Value system not deserving of life sacrifice
by Chris Taylor, editor-in-chief

    Besides the game itself, the best thing about the Super Bowl is the ads.

   Commercials seem to be the main subject Monday morning after the big game. This year Bud Light looks like the winner with several hilarious ads.

   The best had to be the beer-retrieving falcon commercial. Patriotism was also a big theme for the game and ads.

   One thing that bothered me was abundance of messages from players and celebrities thanking the troops overseas for “fighting for our freedom.”

   Our troops are not fighting for our freedom at all. Is there any proof that Afghanistan posed a serious threat to the lone superpower in the world? They harbored terrorists, but did anyone truly expect a full-scale invasion by Taliban troops on the beaches of California?

   It does sound kind of silly when it’s actually put into perspective.

   What our troops are fighting for, however, is revenge. I’m all for getting revenge, but let’s call it what it really is.

   Our freedoms were never under attack by Bin Laden. Our civilians were, because most of the world considers our government evil.

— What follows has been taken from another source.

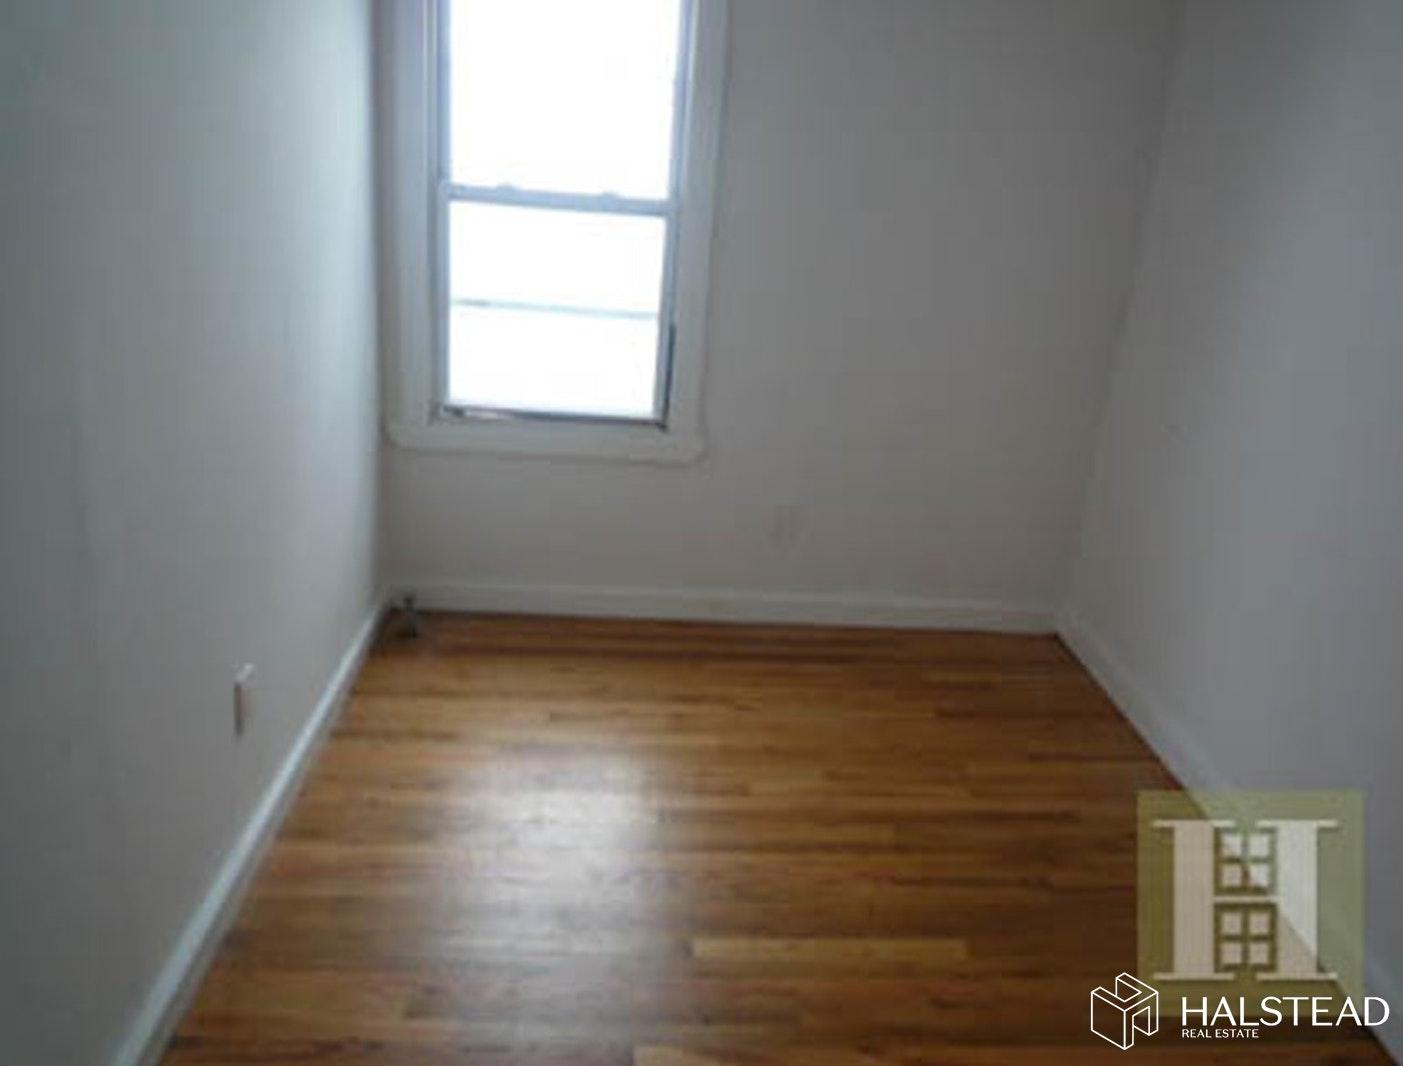 412 EAST 9TH STREET 19, East Village, $3,350, Web #: 19724802
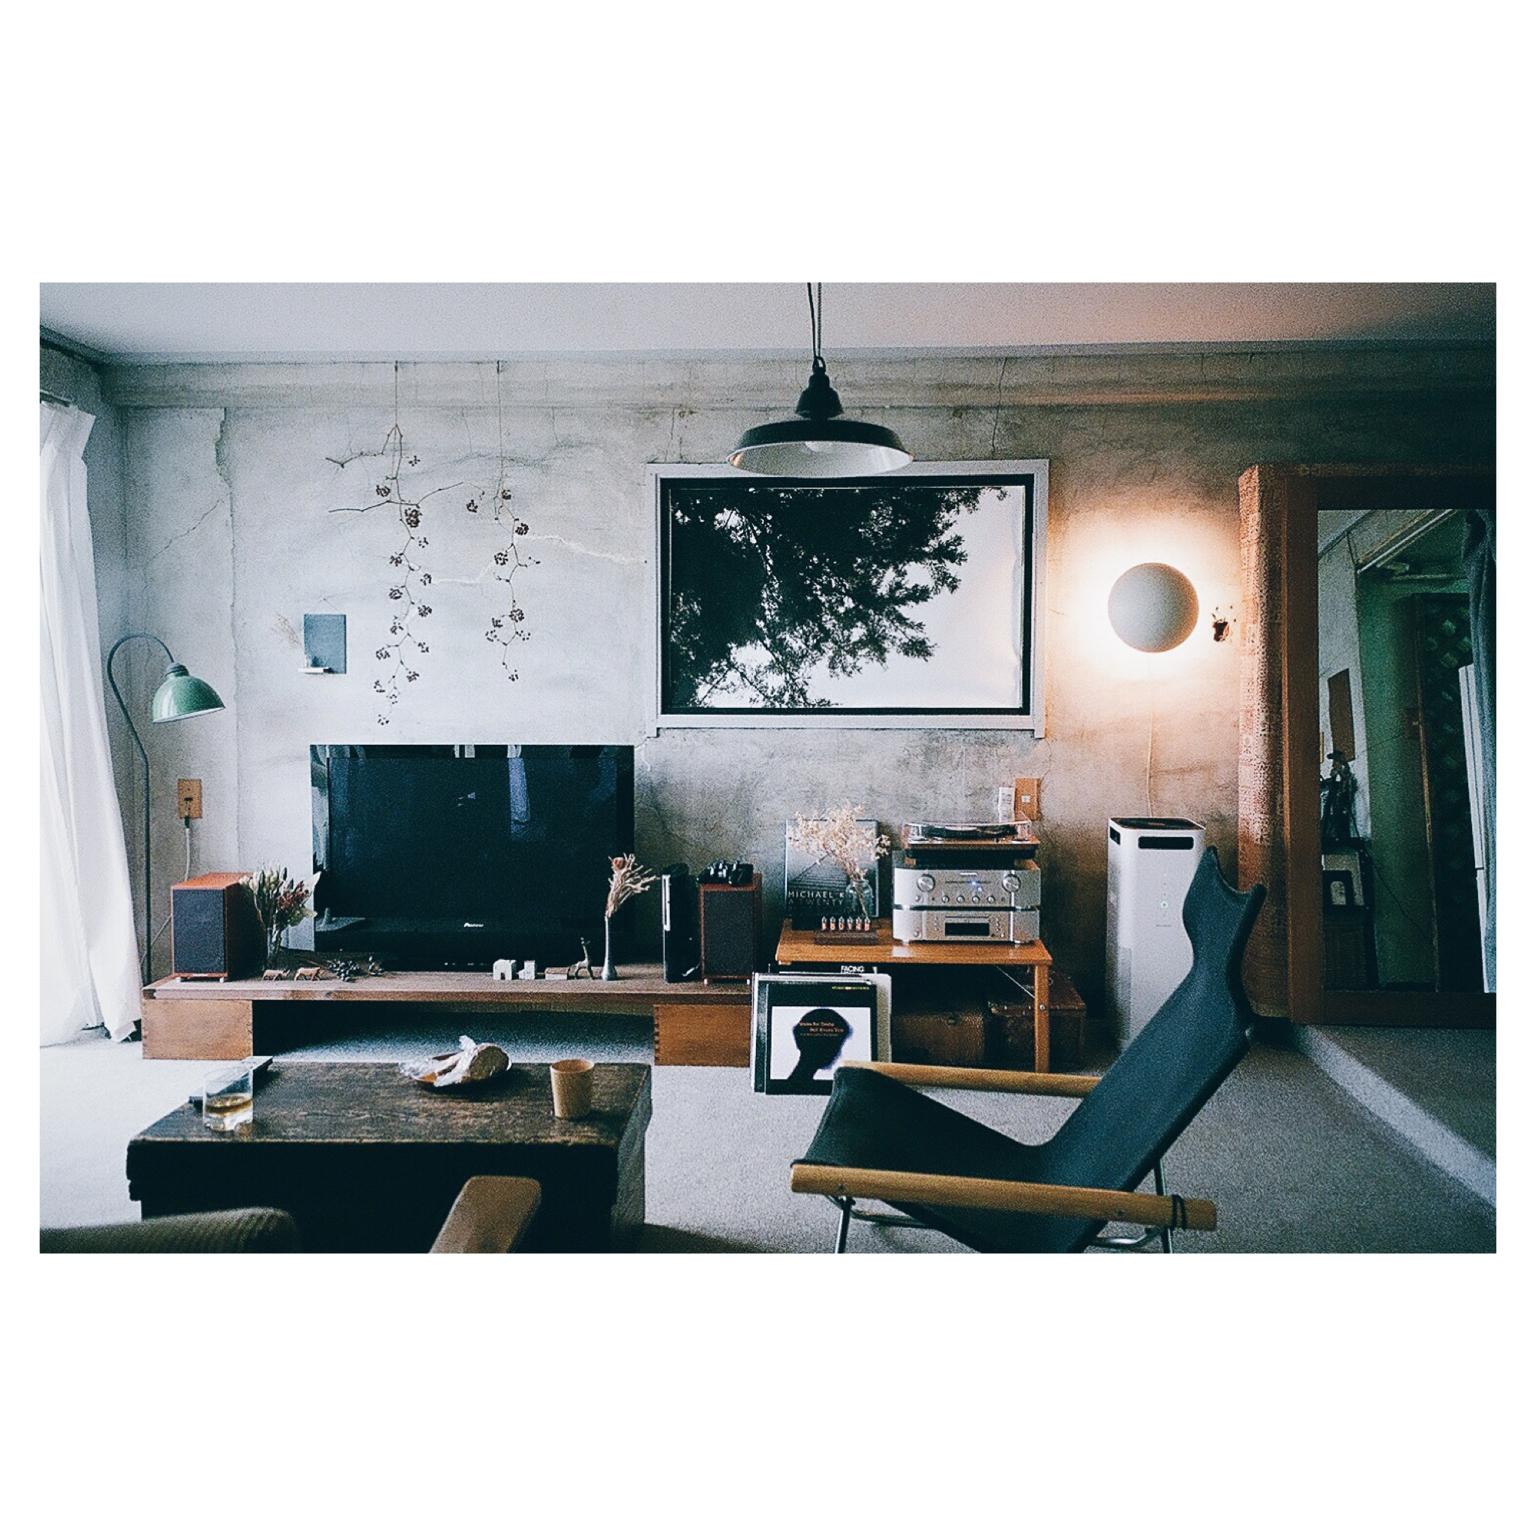 【テレビ周り】生活感を出さないスタイリッシュなインテリアのサムネイル画像

   The only group to attack our freedoms in the last year is our own government, especially since Sept. 11.

   We are so obsessed with revenge and paranoia we immediately started attacking other Americans. First, it was violence against anyone of Middle Eastern descent; then it was discrimination against Arabs on planes. Now the United States has decided to take out its anger on a young man—John Walker Lindh.

   Is Lindh really the one we want, or is he just a sacrificial lamb to appease our anger over the attack on our nation?

   Why would anyone attack America? We are right and our way is not only the best way, but the only way, right?

   That might have been true 50 years ago, but now we are consumed with our own greed and other selfish desires.

   People hate Lindh for rejecting American values, but were those values that good in the first place? Greed, arrogance and religious persecution now seem to be the values we admire most.

   And that’s why Lindh should die. Not because he rejected our values, but because he showed us that our values aren’t that good.